The system isn’t just aging - it’s weak. Infrastructure is crumbling, the grid is fraying, trust in institutions is eroding, and resilience has quietly become a personal responsibility.
In this gripping episode of the AI On Podcast, I sit down with Jordan - a senior insurance underwriter turned off-grid strategist - who has spent over 15 years modeling catastrophic risks for industry and now lives the solutions.
Today, he’s sounding the alarm on just how thin our layer of modern civilization really is - and what you should be doing now to prepare for the disruptions ahead.

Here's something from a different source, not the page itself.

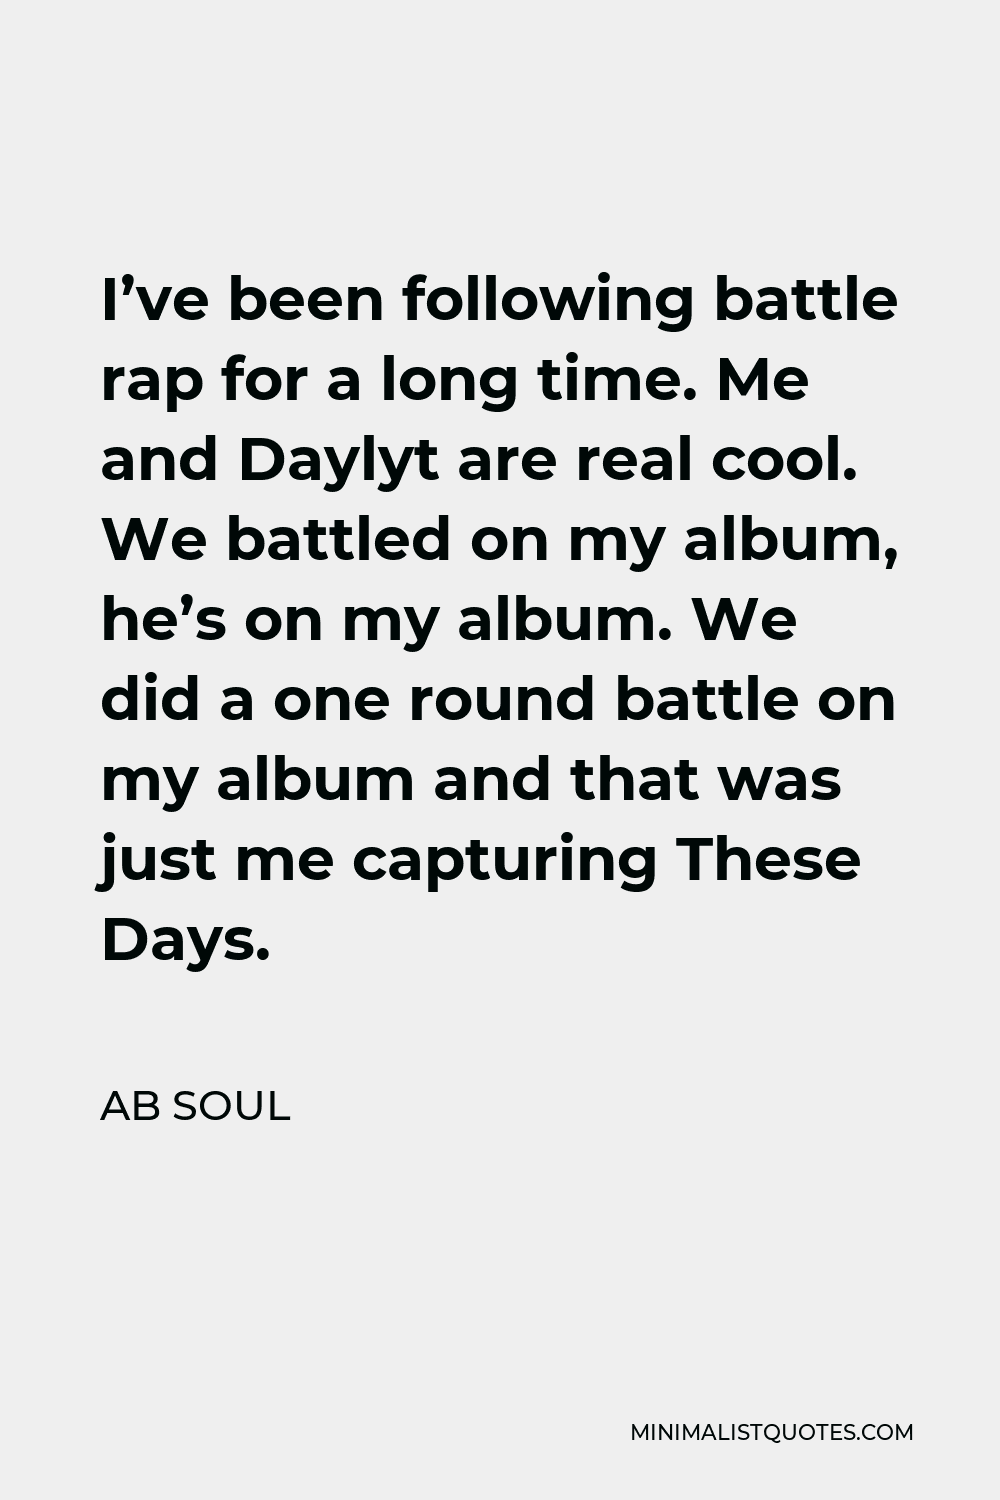 AB Soul Quote - I’ve been following battle rap for a long time. Me and Daylyt are real cool. We battled on my album, he’s on my album. We did a one round battle on my album and that was just me capturing These Days.

▶️ Full length version available on YouTube
💬 Carry on the conversation with the AI version of Jordan here
In this episode, we unpack:
✅ What most people (and companies) get dangerously wrong about systemic risk
✅ What a real seven-day grid collapse would look like - from hour 1 to week 1
✅ The most practical steps to build resilience without fear or fantasy
✅ Why the next financial shock may be more about trust than money
✅ The one item every household should act on in the next 24 hours
Jordan doesn’t sell fear - he teaches calm, calculated readiness. If you’ve ever wondered whether your family could function without power, the phone, or the tap... this is the episode you can’t afford to skip.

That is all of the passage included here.